The autopsy report also
listed cocaine and alcohol intoxication as "contributory conditions"
in the death of THOMAS CLINT TIPTON (10-13-71), of 10028 Colonnade
Drive in Tampa. The report stated that the six-foot, 270 lb. Tipton's
blood-alcohol level was .227 (Florida law presumes a person to be
intoxicated at .08). The Medical Examiner also determined Tipton
had used cocaine sometime that day.
The three Patrol Officers
involved in the April 5, 2006 arrest were found by a Clearwater
Police Department In-Custody Death Review Board to have acted in
compliance with all department Policies and Procedures during the
encounter with Tipton, and have returned to their policing assignments.
The Review Board heard
from investigators with the department's Criminal Investigations
Division and the Office of Professional Standards, who determined:
Tipton chartered a limousine
shortly after noon on April 5 to take about nine of his male co-workers
and him from Tampa to Clearwater Beach as part of a work-related,
post-seminar day at the beach.
They stopped along the
way to purchase beer, and spent most of the day and evening at a
Clearwater Beach gulf-front restaurant where Tipton used his credit
card to pay more than $625 for alcoholic beverages.
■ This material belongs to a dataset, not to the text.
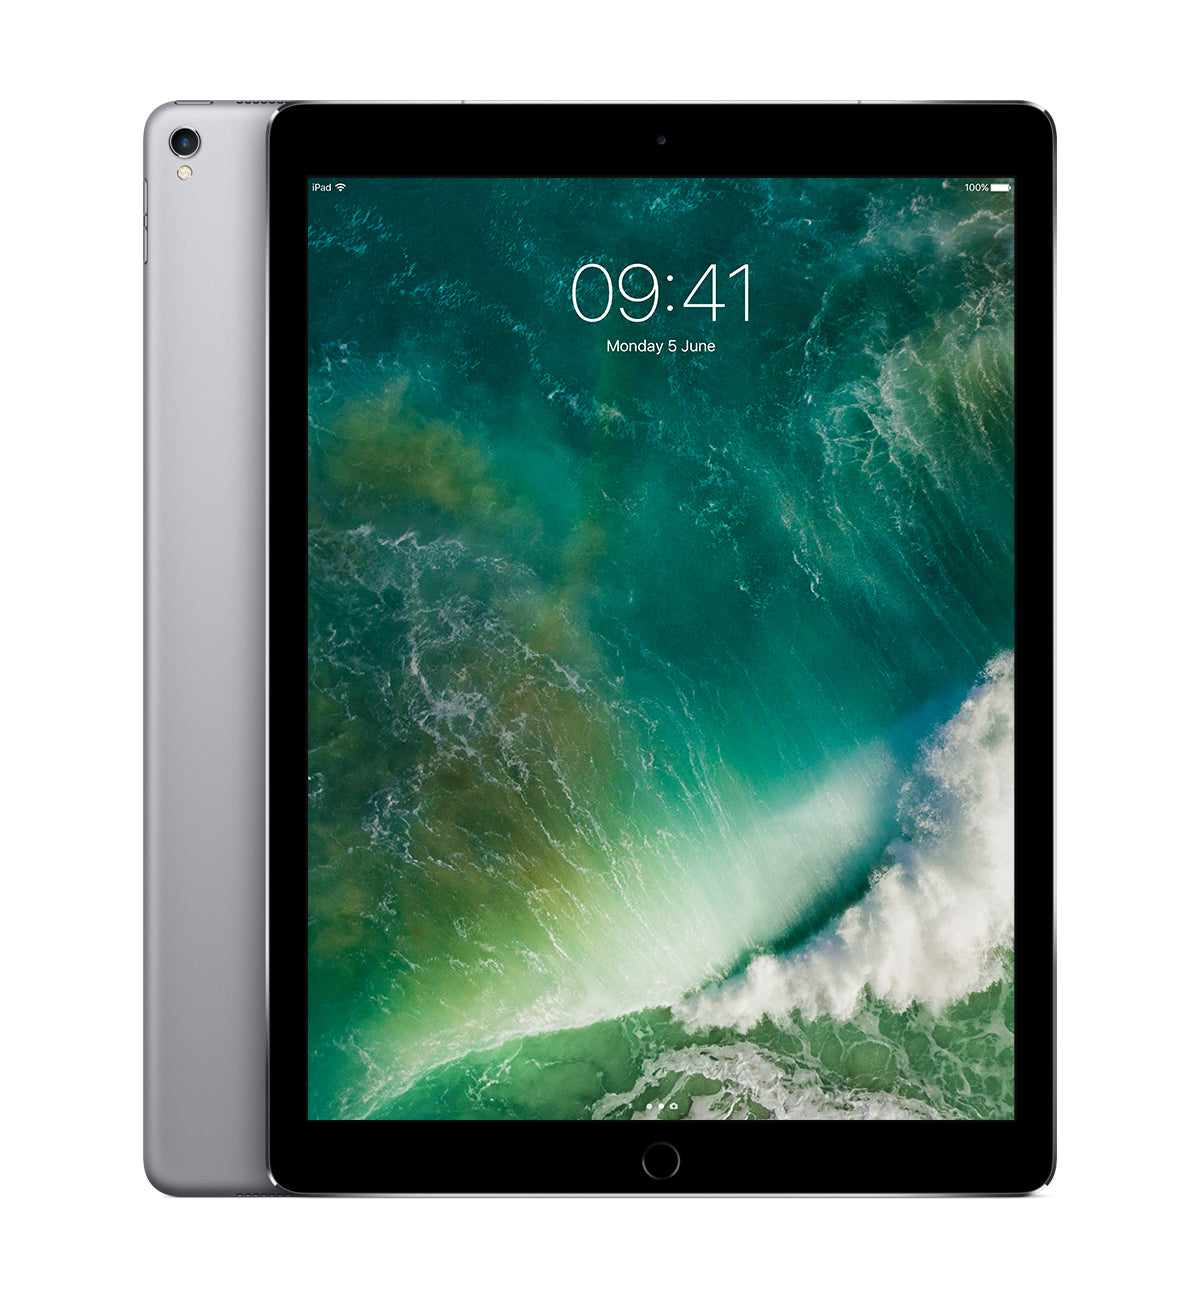 Image of iPad 2019 4g 128gb (Refurbished)

The group of
men were supposed to leave in the limo at 7 p.m., but they missed
the appointment with the vehicle and its driver, staying at the
establishment until about 11 p.m.
The men, accompanied
by several out-of-state visitors they'd met in the restaurant, left
the restaurant walking eastward a block on Rockaway Street, and
then south on Mandalay Avenue, as they discussed various plans for
the rest of the night's activities.
According to interviews
with all those involved, Tipton - dressed in shorts, sandals, a
blue shirt and a hat - was last seen by them at the intersection
of Mandalay and Ambler Street, about two blocks walking distance
from the restaurant.
The next time Tipton
was seen, he was dressed only in his shorts, and was covered with
wounds - largely superficial.
Clearwater Police were
called to the Tropic Isle Motel at 23 Rockaway Street - two buildings
east of the restaurant where Tipton had spent the day - at 11:30
p.m. that Wednesday, after two occupants called to report a partially
dressed man acting violently, knocking over patio furniture and
breaking jalousie windows in the courtyard of the small lodging
establishment.
When Officers arrived,
they found Tipton bleeding from numerous wounds.
Tipton was initially
receptive to the Police Officers' questions and directions, providing
them his identification and sitting, as directed, in a chair. It
was at this time that one Officer determined by radio Tipton had
no outstanding warrants for his arrest, and even called for a taxi
cab to take Tipton home.
In addition to the Officers
who were dealing with Tipton, a number of independent civilian witnesses
told Investigators they heard the muscular man tell the Officers
he'd been a fight shortly before they arrived.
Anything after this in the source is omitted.